Cucunya RR kata Mustafa, pada malam kejadian itu tinggal dirumahnya di Jalan Sejahtera Desa Allin Tengae, Kecamatan Turikale, Maros.

Mustafa kembali menuturkan, kejadian berawal, saat RR ke tempat rental komputer untuk mengerjakan tugas sekolah, sekira Pukul 19.00 Wita.

Tiba-tiba datang dua orang menjemput RR, dan mengajak ke kawasan kuliner Pantai Tak Berombak (PTB) Maros.

Awalnya RR tidak ingin ikut, karena tidak mengenal keduanya. Tapi karena keduanya mengaku teman dari ER tante RR, korban pun ikut. Di PTB, RR pun diberi minuman yang diduga bercampur obat mabuk.

[NEXT-FAJAR]

Setelah meminum pemberian dua wanita inisial IN dan IS, RR pun pusing. Kemudian datanglah pria membawa mobil dalam hal ini Andi Nurdin Agung M. RR yang dalam keadaan mabuk lalu dibawa masuk kedalam mobil.

“Yang dua orang ini lalu turun dari mobil meninggalkan cucuku (RR) diatas mobil karena sudah dalam keadaan mabuk,” jelas Mustafa menirukan keterangan RR.

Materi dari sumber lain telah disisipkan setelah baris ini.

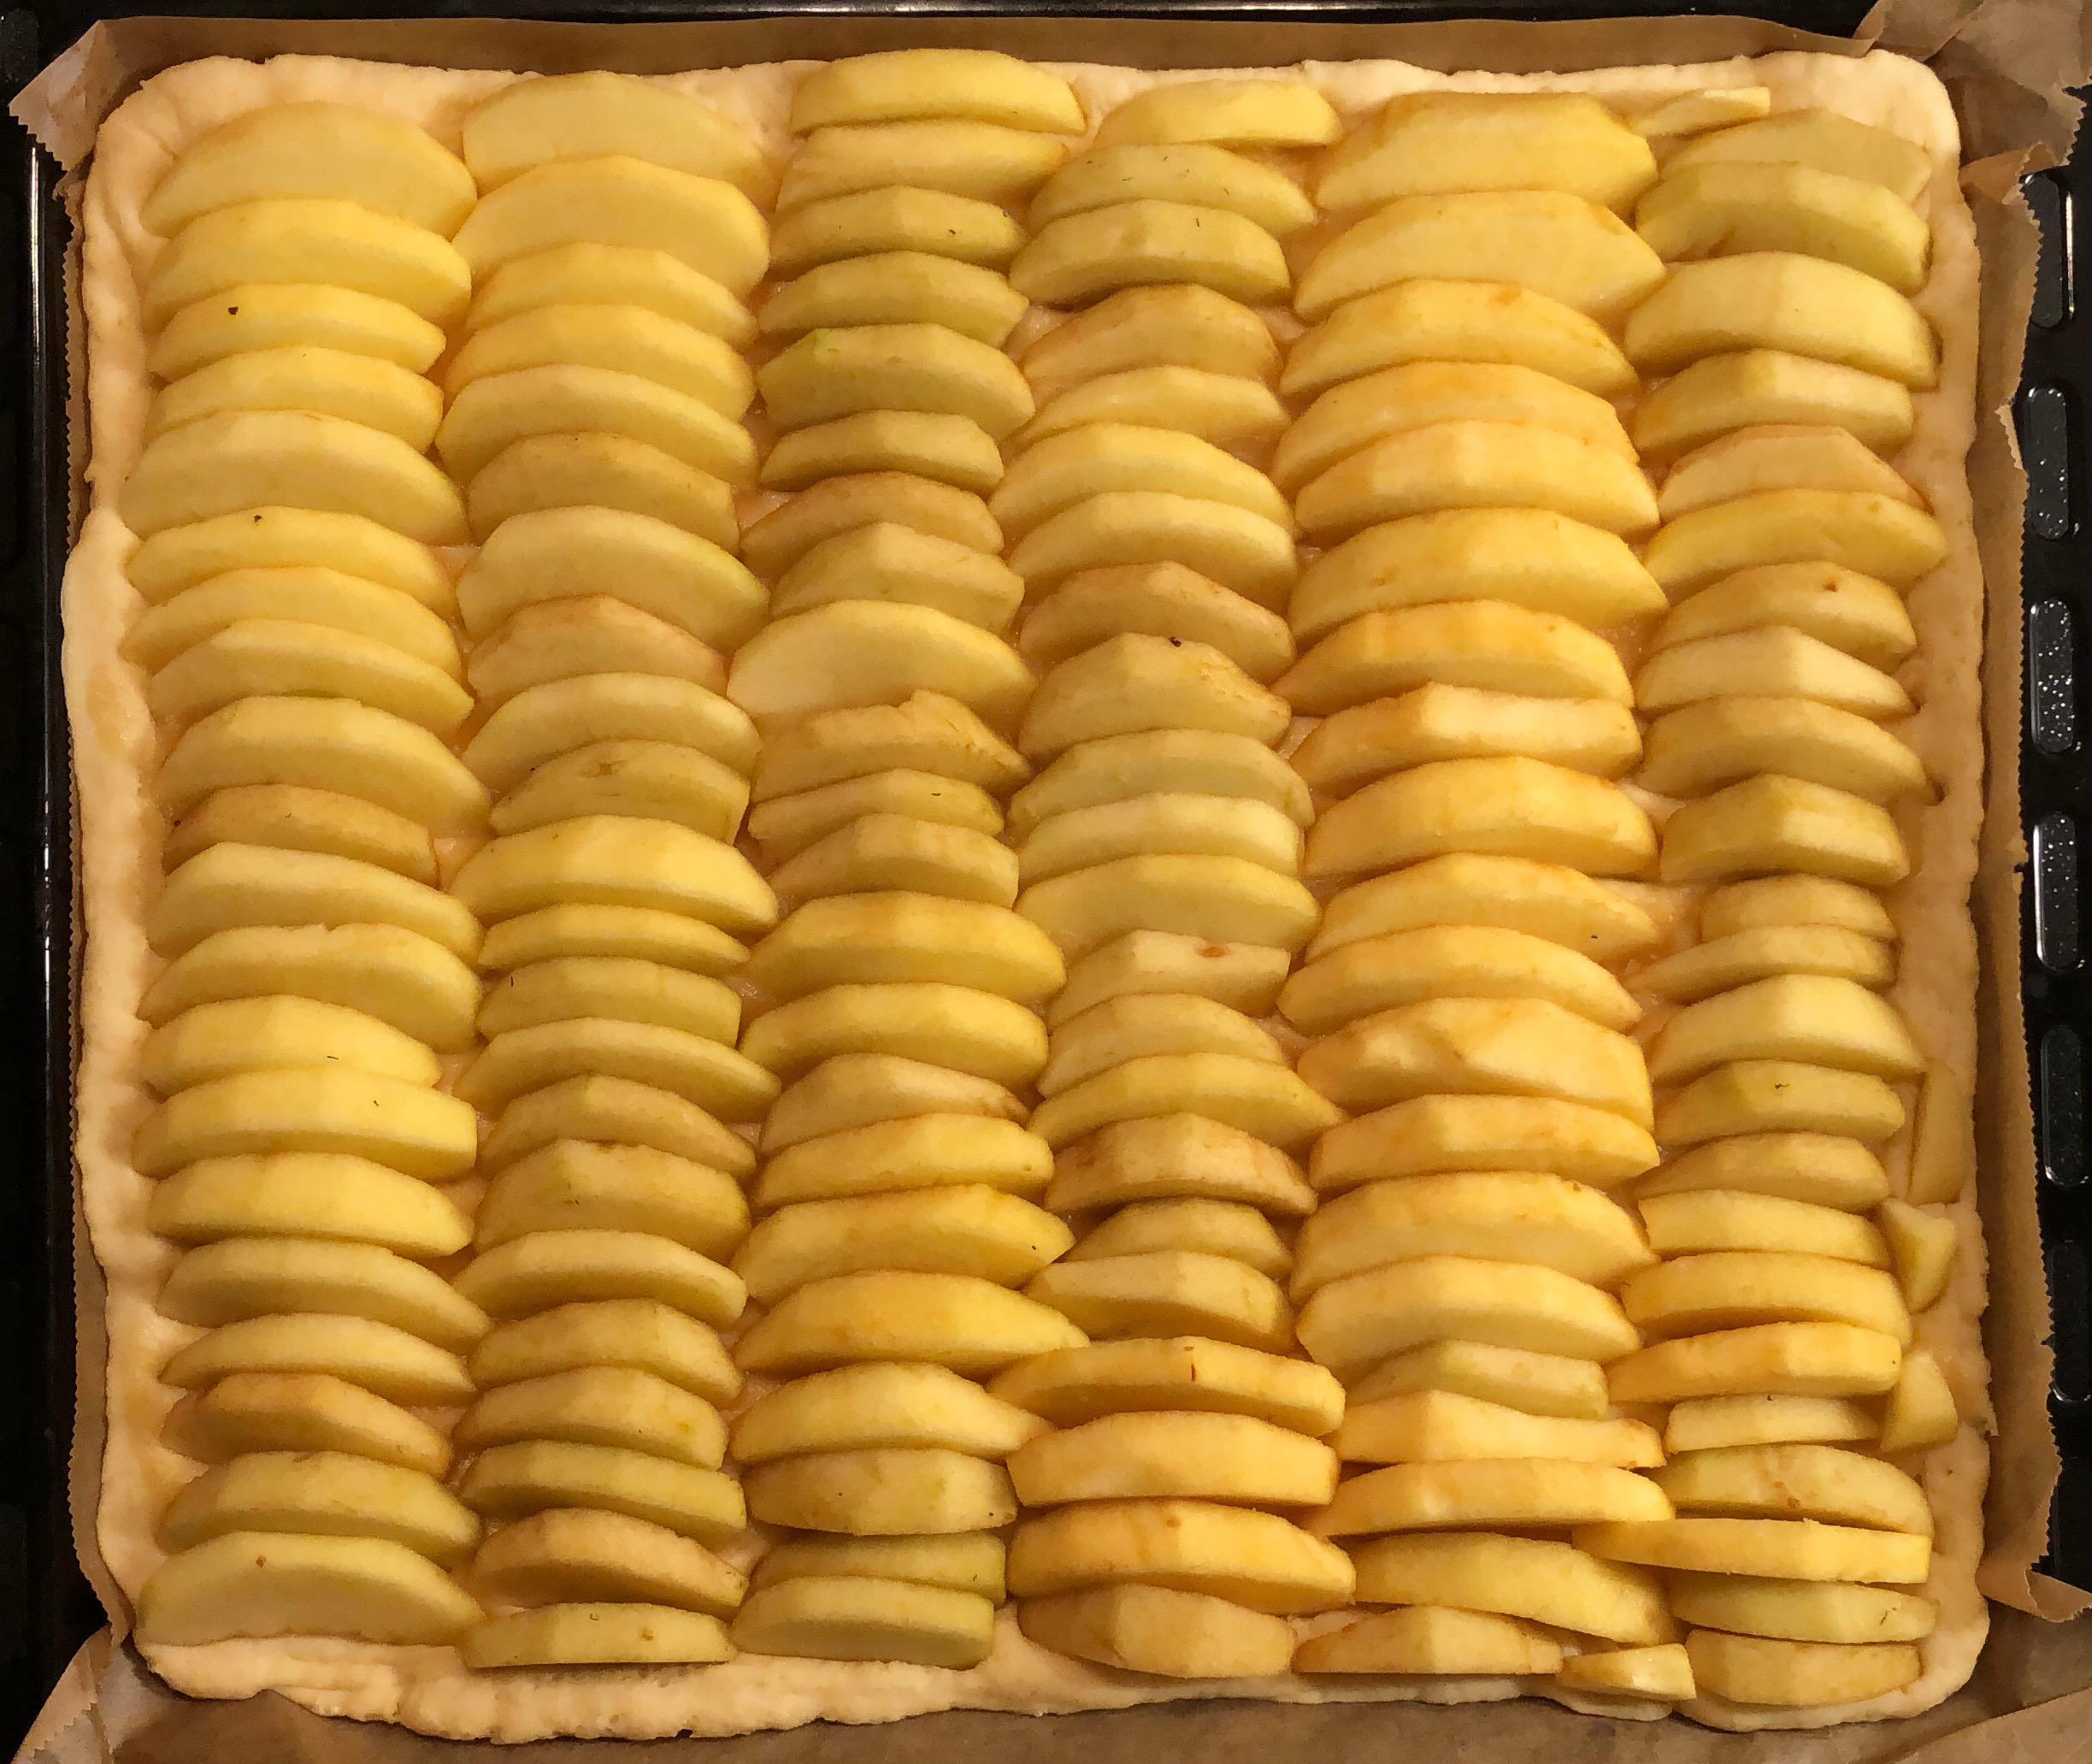 Apfelkuchenblech ohne Streusel

Setelah menebus uang yang informasinya senilai Rp700 ribu ke kedua wanita itu, RR langsung dibawa ke wisma.

“Ini cucuku tidak kenal yang menjemput di rental komputer dan di bawa ke PTB. Tapi kedua perempuan ini ditelpon oleh ER dan disuruh jemput cucuku di tempat rental, mereka ini kan saling kenal dan sudah atur skenario,” terang Mustafa.

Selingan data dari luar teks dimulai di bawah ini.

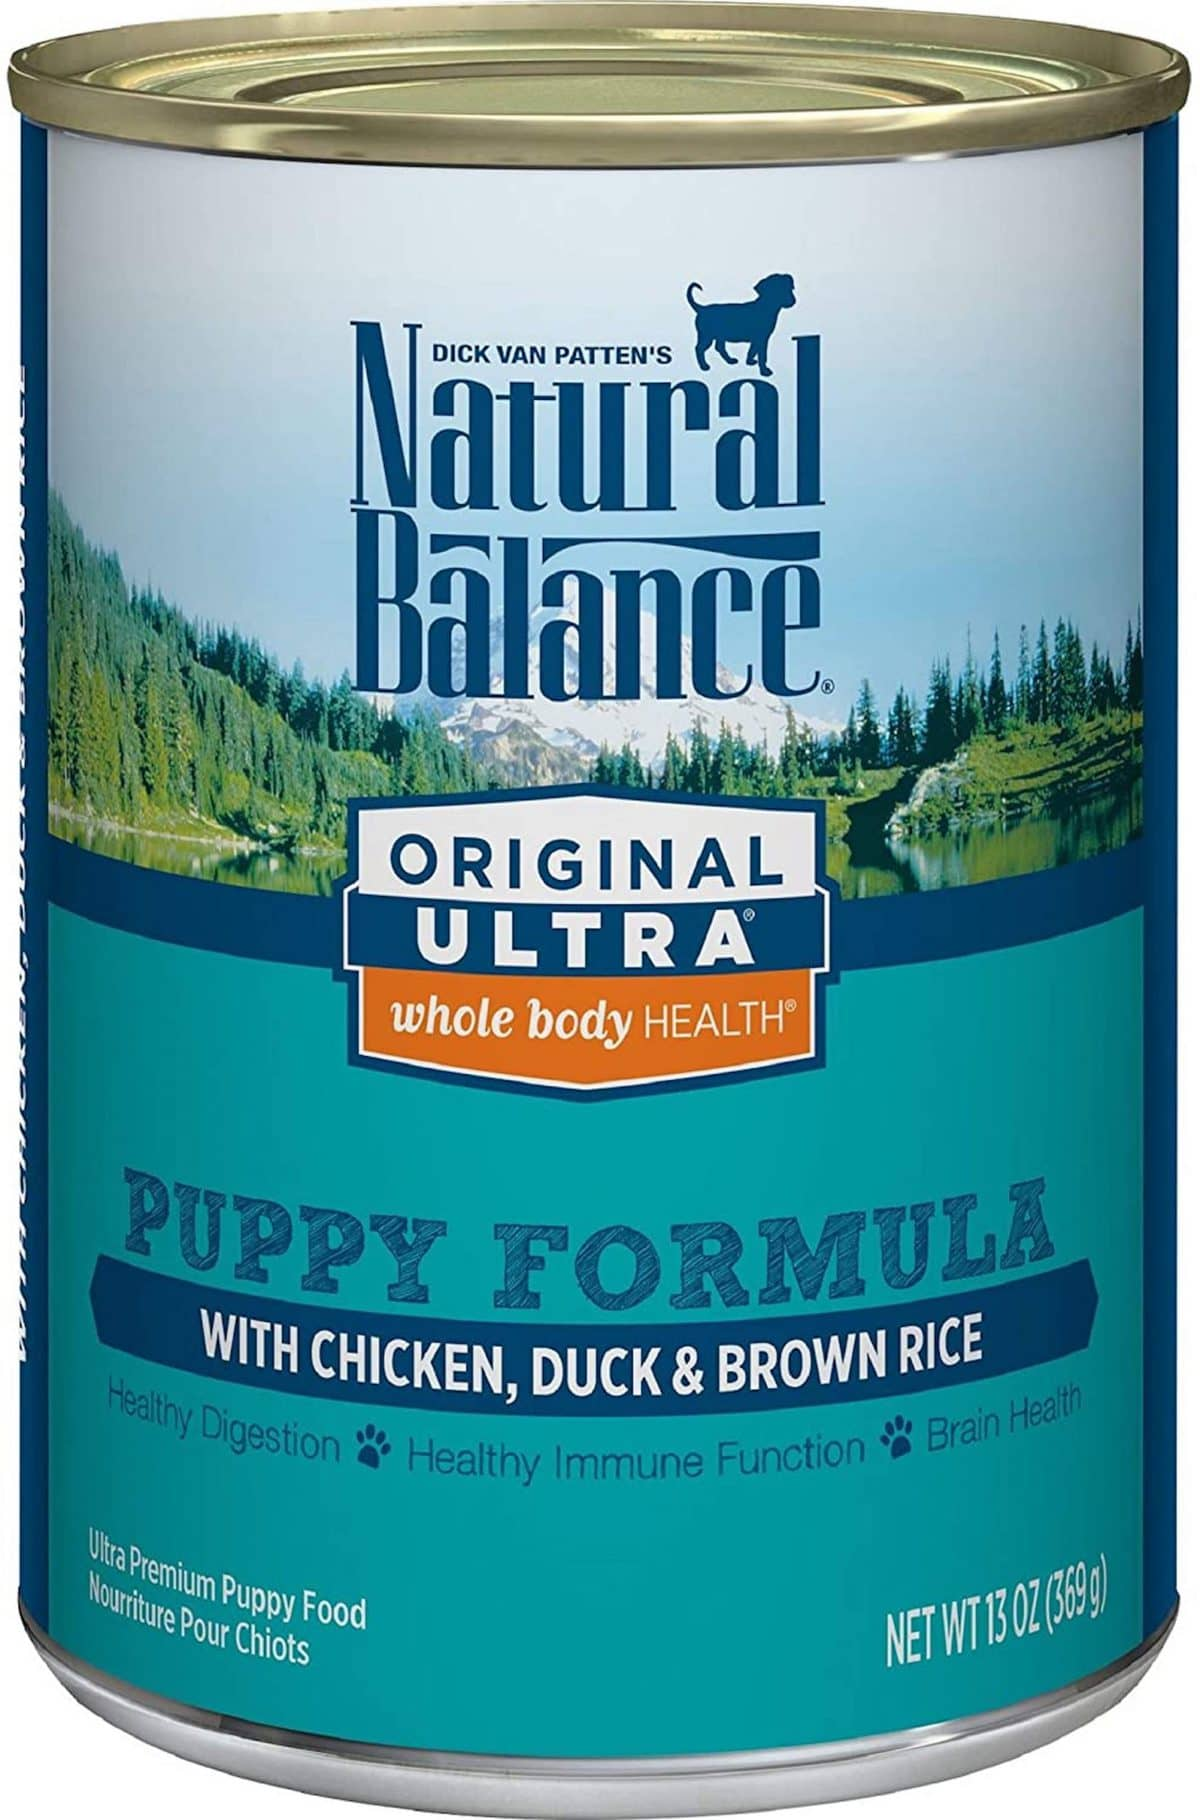 Natural Balance Original Ultra Whole Body Health Wet Food

Dari situ, menurut Mustafa seharusnya kepolisian yang menangani ini, juga menangkap pelaku lainnya terkait penjualan anak dibawah umur.

“Pokoknya kami dari keluarga ingin terus mencari keadilan,” tegas Mustafa yang di temui di Makassar.

Sementara ayah korban, Mulyadi (36) berharap mucikari diproses hukum. Karena jika dibiarkan, katanya bisa membahayakan kedepan.

“Bisa jadi akan ada korban lainnya. Jadi semoga kepolisian bisa benar benar melihat masalah ini dengan terang,” katanya.

Informasi dihimpun awalnya kasus tersebut di tangani Polres Maros. Namun dilimpahkan ke Polrestabes Makassar karena korban digagahi oleh Andi Nurdin Agung M, TKP nya masuk diwilayah Makassar.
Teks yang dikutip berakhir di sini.